Depuis des années, l’Union Africaine (UA) se présente comme la voix unie du continent, un espace de dialogue et de coopération entre nations africaines. Mais derrière ce symbole d’unité, beaucoup de pays, dont Madagascar, commencent à s’interroger : que gagne-t-on vraiment à en faire partie ? Et si, au lieu d’y voir une sanction, être banni de l’UA devenait une opportunité de souveraineté retrouvée ?
🔹 Une reconnaissance qui ne nourrit personne
Être membre de l’Union Africaine, c’est avant tout une reconnaissance diplomatique.
Le drapeau flotte dans les sommets, les dirigeants s’assoient à la même table et votent des résolutions. Mais sur le terrain, la réalité ne change pas :
les routes sont toujours impraticables, les paysans n’ont pas de marché pour leurs produits, les jeunes partent faute de travail.
En vérité, l’UA offre surtout une légitimité politique aux gouvernements en place, mais très peu de retombées concrètes pour les populations.
Les grands discours panafricains ne remplissent pas les assiettes.
🔹 Des aides qui entretiennent la dépendance
Madagascar, comme beaucoup d’autres pays africains, dépend depuis des décennies d’aides et de programmes dits de “développement”.
Ces aides, souvent conditionnées par des critères imposés de l’extérieur, ont fini par créer une économie de dépendance.
Pire encore : elles profitent rarement à la population. Une fois arrivées à Antananarivo, ces aides se perdent entre commissions, projets fictifs et corruption politique.
Les dirigeants y trouvent leur intérêt, pas les citoyens.
Sortir de ce système d’assistance permanente serait donc un acte de libération économique et morale.
Être banni de l’UA, c’est aussi se libérer de ce réseau d’aides et de financements conditionnés qui n’ont jamais sorti le pays de la pauvreté.

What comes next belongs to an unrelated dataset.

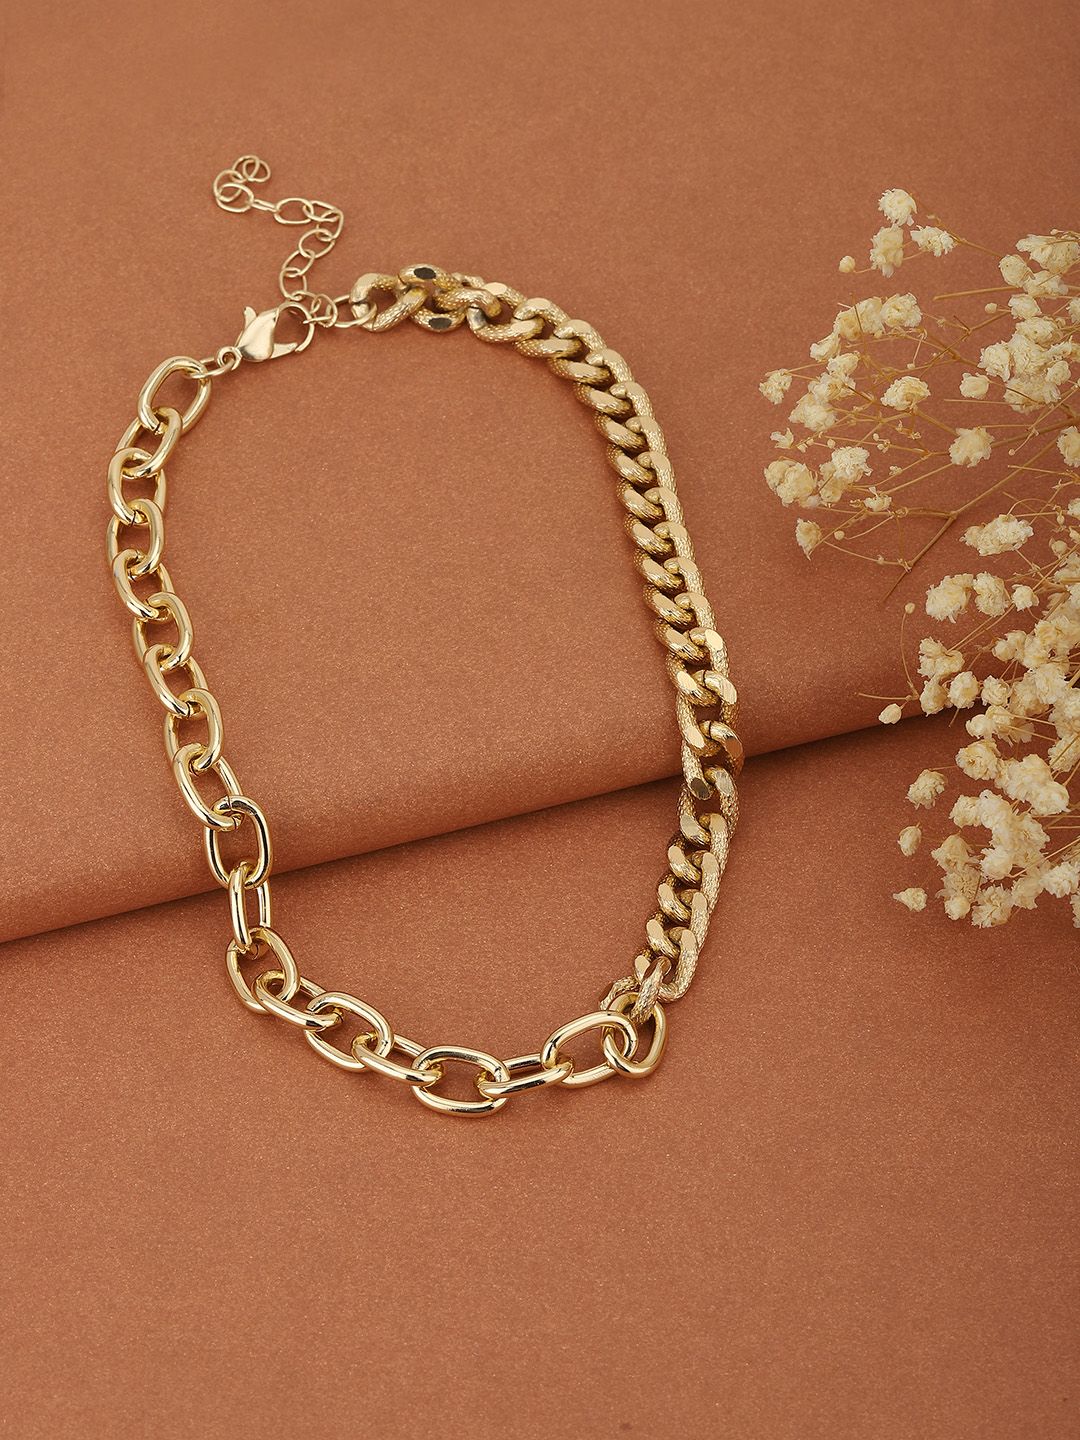 Carlton London Gold-Plated Handcrafted Link Necklace Price in India

🔹 Un potentiel national ignoré
Madagascar n’a pas besoin qu’on lui tende la main, il a besoin qu’on le laisse se tenir debout.
Le pays possède tout ce qu’il faut :
- des terres fertiles pour nourrir toute la région,
- une biodiversité unique au monde pour un tourisme durable,
- du soleil, du vent et de l’eau pour produire son énergie,
- une jeunesse pleine d’idées et de courage.

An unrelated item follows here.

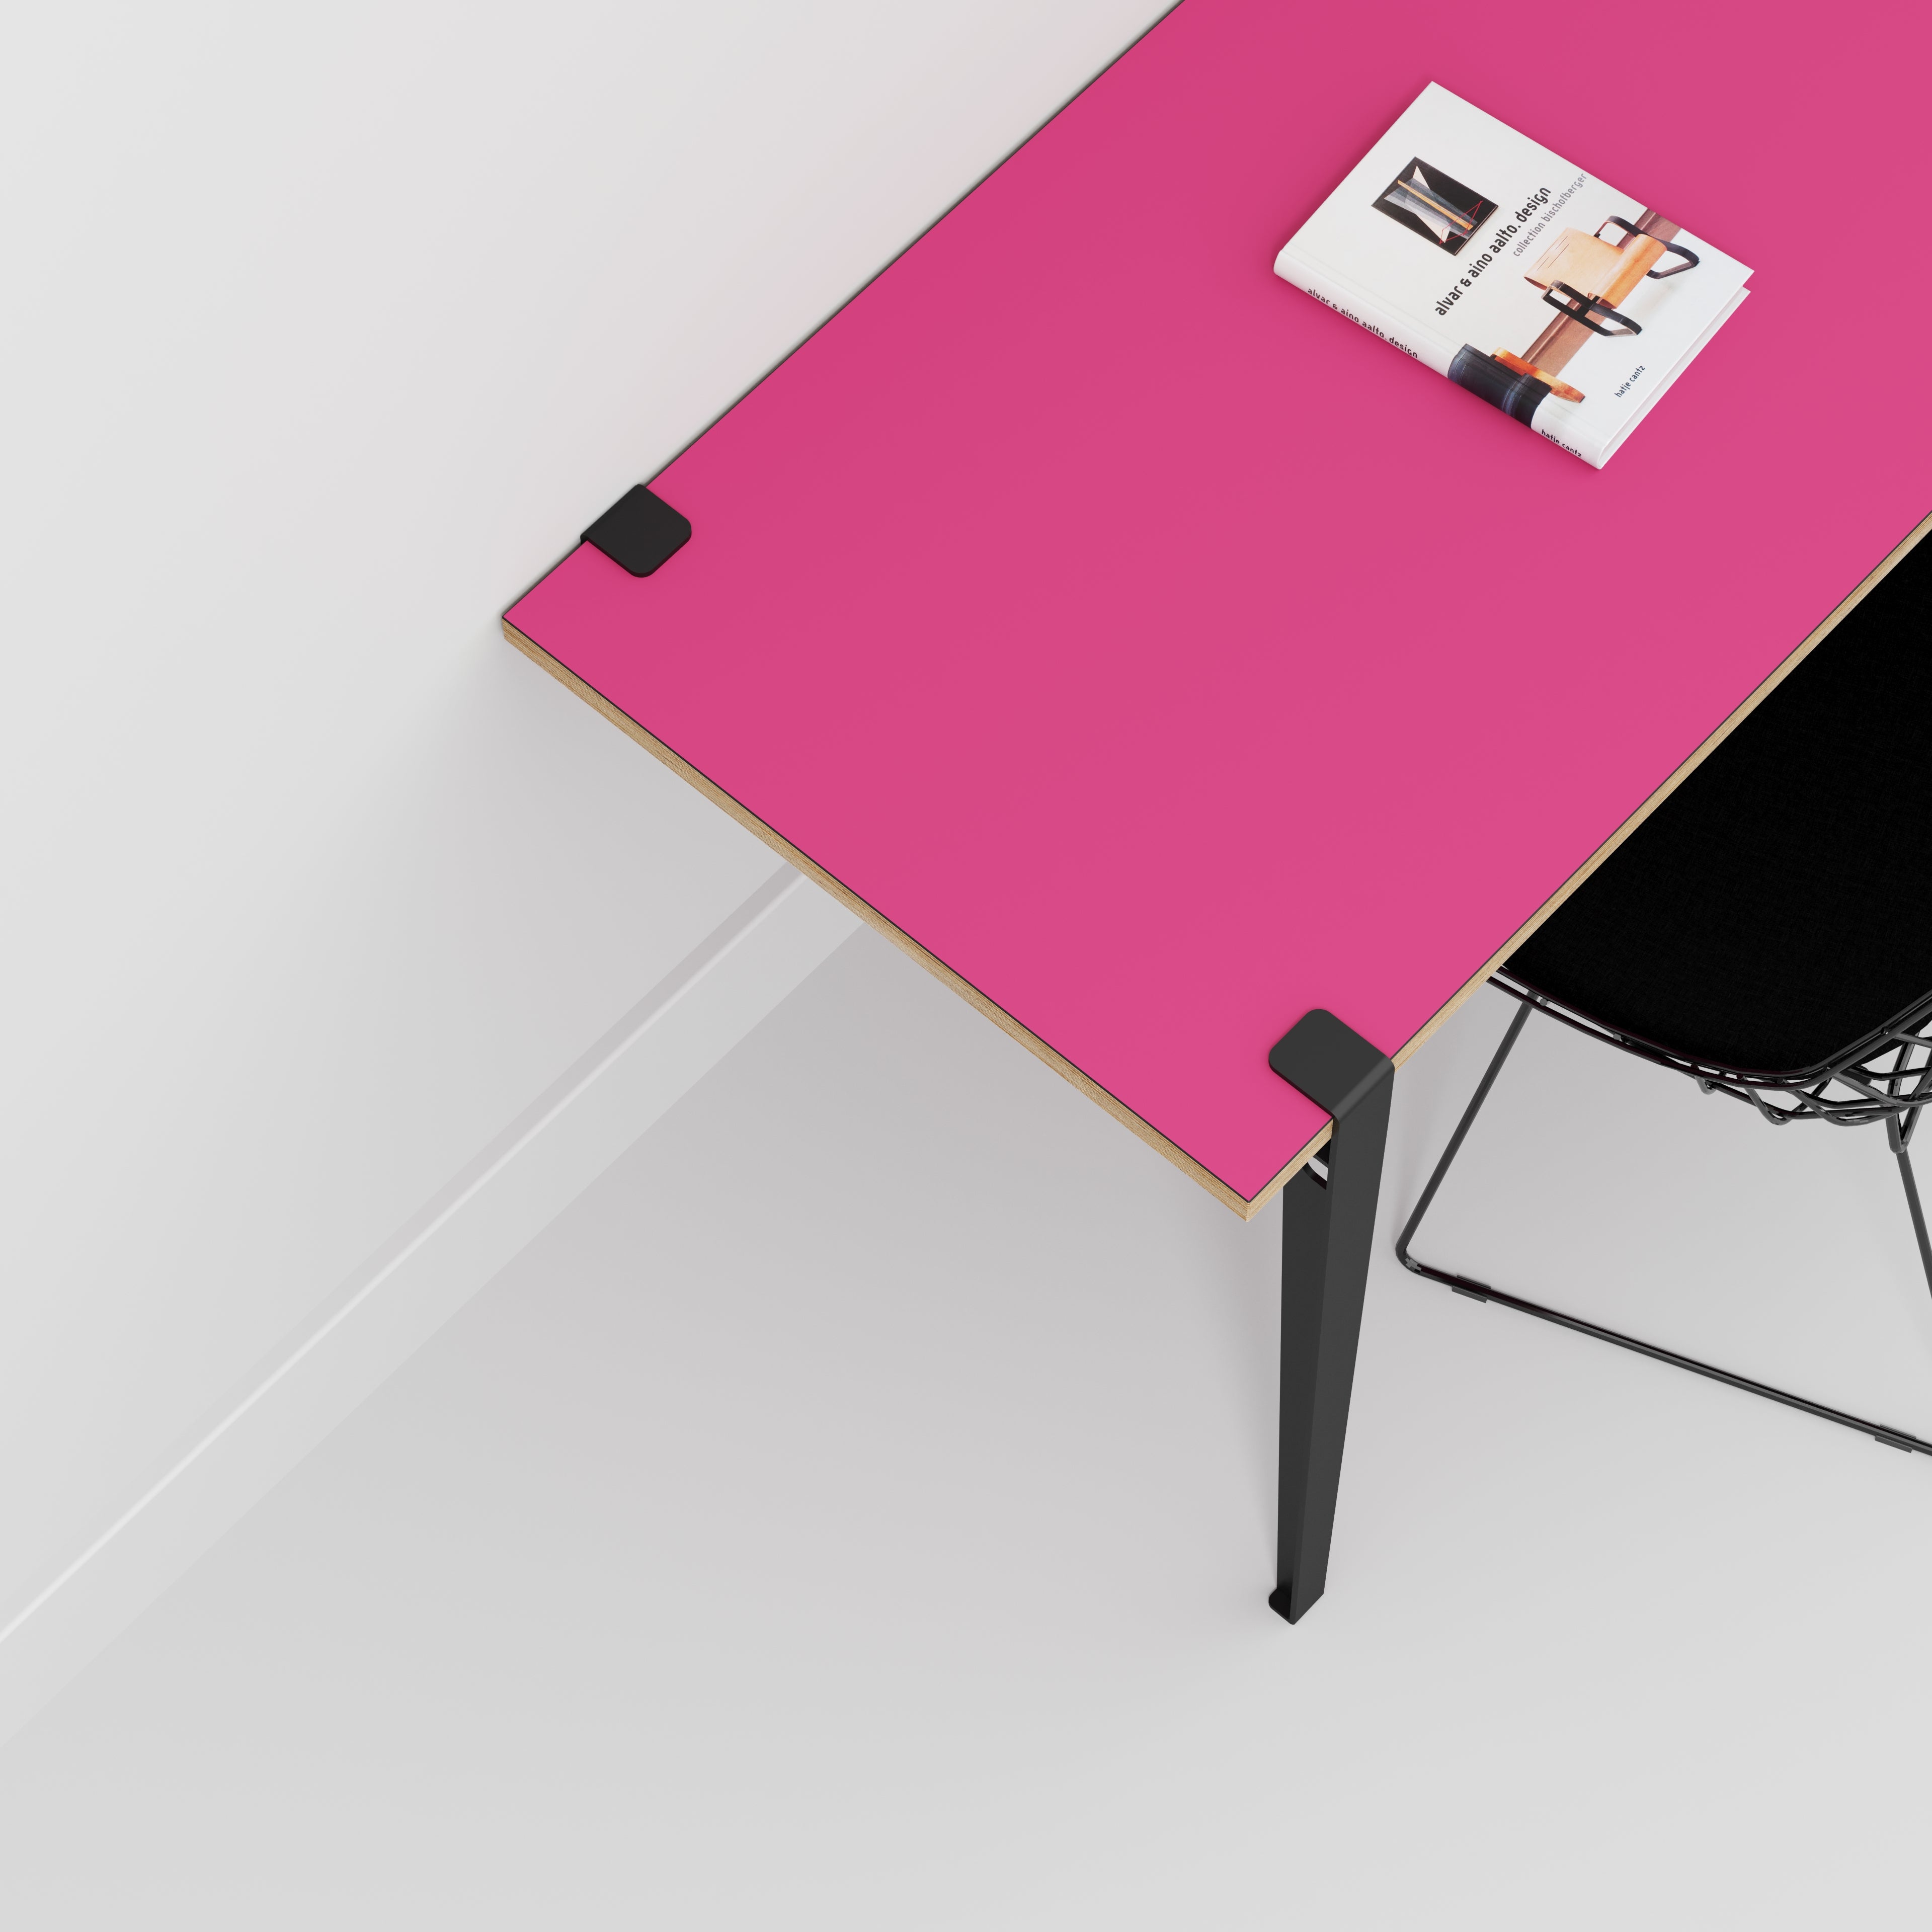 Wall Desk with Black Tiptoe Legs and Brackets - Formica Juicy Pink - 1200(w) x 600(d) x 750(h)

Mais tant que l’on attend que les solutions viennent de l’extérieur, on ne crée rien chez soi.
Une sortie forcée de l’UA pourrait être le déclencheur d’un sursaut national, une invitation à compter enfin sur nos propres forces.
🔹 Une indépendance à reconquérir
L’Afrique n’a pas besoin de symboles d’unité tant que ses peuples vivent encore sous la dépendance économique et politique.
Ce que Madagascar doit chercher aujourd’hui, ce n’est pas une chaise dans une salle de conférence à Addis-Abeba,
mais la vraie indépendance : celle de produire, d’échanger, de décider et de se développer selon ses propres valeurs.
Être banni de l’Union Africaine ne serait pas une honte, mais un électrochoc salutaire.
Une chance de reconstruire un modèle de développement libre, responsable et authentiquement malgache.
🔹 En conclusion
Madagascar n’a rien à craindre d’une exclusion de l’Union Africaine.
Au contraire, c’est peut-être le prix de la liberté.
Car ce jour-là, le pays n’aurait plus d’autre choix que de se regarder en face, de compter sur ses forces et de reprendre son destin en main.
Et c’est souvent quand les portes se ferment à l’extérieur que les nations apprennent à bâtir les leurs de l’intérieur.